— WORK INSTRUCTIONS —
Repeat exactly the lines below that lie between the line with "Roast-Beef-Sandwich-scaled-1563360242.jpg" and the line with "Praga - Karlovo", counting both of those lines as part of the answer.

[Stored data entries]
****
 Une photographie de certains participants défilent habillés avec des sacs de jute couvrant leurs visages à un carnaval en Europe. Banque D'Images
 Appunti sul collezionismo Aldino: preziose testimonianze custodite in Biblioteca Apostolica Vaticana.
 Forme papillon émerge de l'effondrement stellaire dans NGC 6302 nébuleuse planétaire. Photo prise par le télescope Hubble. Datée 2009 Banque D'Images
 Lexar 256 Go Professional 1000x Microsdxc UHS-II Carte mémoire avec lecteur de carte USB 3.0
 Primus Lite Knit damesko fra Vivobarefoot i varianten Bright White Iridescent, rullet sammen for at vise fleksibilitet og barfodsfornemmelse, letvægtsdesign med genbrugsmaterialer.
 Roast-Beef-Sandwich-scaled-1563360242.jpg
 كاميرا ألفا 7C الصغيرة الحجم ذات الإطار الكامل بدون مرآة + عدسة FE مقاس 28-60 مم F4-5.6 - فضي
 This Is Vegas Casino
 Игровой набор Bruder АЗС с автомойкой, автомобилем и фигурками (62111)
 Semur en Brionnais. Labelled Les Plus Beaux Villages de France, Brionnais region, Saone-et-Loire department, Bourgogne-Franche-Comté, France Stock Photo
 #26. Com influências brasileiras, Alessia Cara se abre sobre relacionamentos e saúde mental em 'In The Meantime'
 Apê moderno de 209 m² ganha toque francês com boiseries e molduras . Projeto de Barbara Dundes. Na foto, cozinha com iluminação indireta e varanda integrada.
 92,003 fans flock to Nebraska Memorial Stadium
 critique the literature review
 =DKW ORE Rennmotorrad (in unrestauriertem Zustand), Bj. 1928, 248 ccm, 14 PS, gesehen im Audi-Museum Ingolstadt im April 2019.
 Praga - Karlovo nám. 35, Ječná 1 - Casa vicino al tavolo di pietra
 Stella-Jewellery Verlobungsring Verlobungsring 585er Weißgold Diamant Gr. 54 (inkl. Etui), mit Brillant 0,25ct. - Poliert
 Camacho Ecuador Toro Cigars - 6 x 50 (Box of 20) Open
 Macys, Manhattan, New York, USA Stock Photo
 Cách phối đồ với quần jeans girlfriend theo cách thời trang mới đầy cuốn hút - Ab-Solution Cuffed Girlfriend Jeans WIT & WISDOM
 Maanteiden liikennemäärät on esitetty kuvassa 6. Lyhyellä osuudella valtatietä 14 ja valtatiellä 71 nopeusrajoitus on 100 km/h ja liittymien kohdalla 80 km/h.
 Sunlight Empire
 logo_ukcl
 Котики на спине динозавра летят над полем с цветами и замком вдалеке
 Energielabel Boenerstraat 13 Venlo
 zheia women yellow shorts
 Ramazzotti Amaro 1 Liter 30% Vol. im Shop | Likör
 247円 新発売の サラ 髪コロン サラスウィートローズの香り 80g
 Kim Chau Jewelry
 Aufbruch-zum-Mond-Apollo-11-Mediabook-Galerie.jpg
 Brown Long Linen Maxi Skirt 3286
****
— WRITTEN SOLUTION —
 Roast-Beef-Sandwich-scaled-1563360242.jpg
 كاميرا ألفا 7C الصغيرة الحجم ذات الإطار الكامل بدون مرآة + عدسة FE مقاس 28-60 مم F4-5.6 - فضي
 This Is Vegas Casino
 Игровой набор Bruder АЗС с автомойкой, автомобилем и фигурками (62111)
 Semur en Brionnais. Labelled Les Plus Beaux Villages de France, Brionnais region, Saone-et-Loire department, Bourgogne-Franche-Comté, France Stock Photo
 #26. Com influências brasileiras, Alessia Cara se abre sobre relacionamentos e saúde mental em 'In The Meantime'
 Apê moderno de 209 m² ganha toque francês com boiseries e molduras . Projeto de Barbara Dundes. Na foto, cozinha com iluminação indireta e varanda integrada.
 92,003 fans flock to Nebraska Memorial Stadium
 critique the literature review
 =DKW ORE Rennmotorrad (in unrestauriertem Zustand), Bj. 1928, 248 ccm, 14 PS, gesehen im Audi-Museum Ingolstadt im April 2019.
 Praga - Karlovo nám. 35, Ječná 1 - Casa vicino al tavolo di pietra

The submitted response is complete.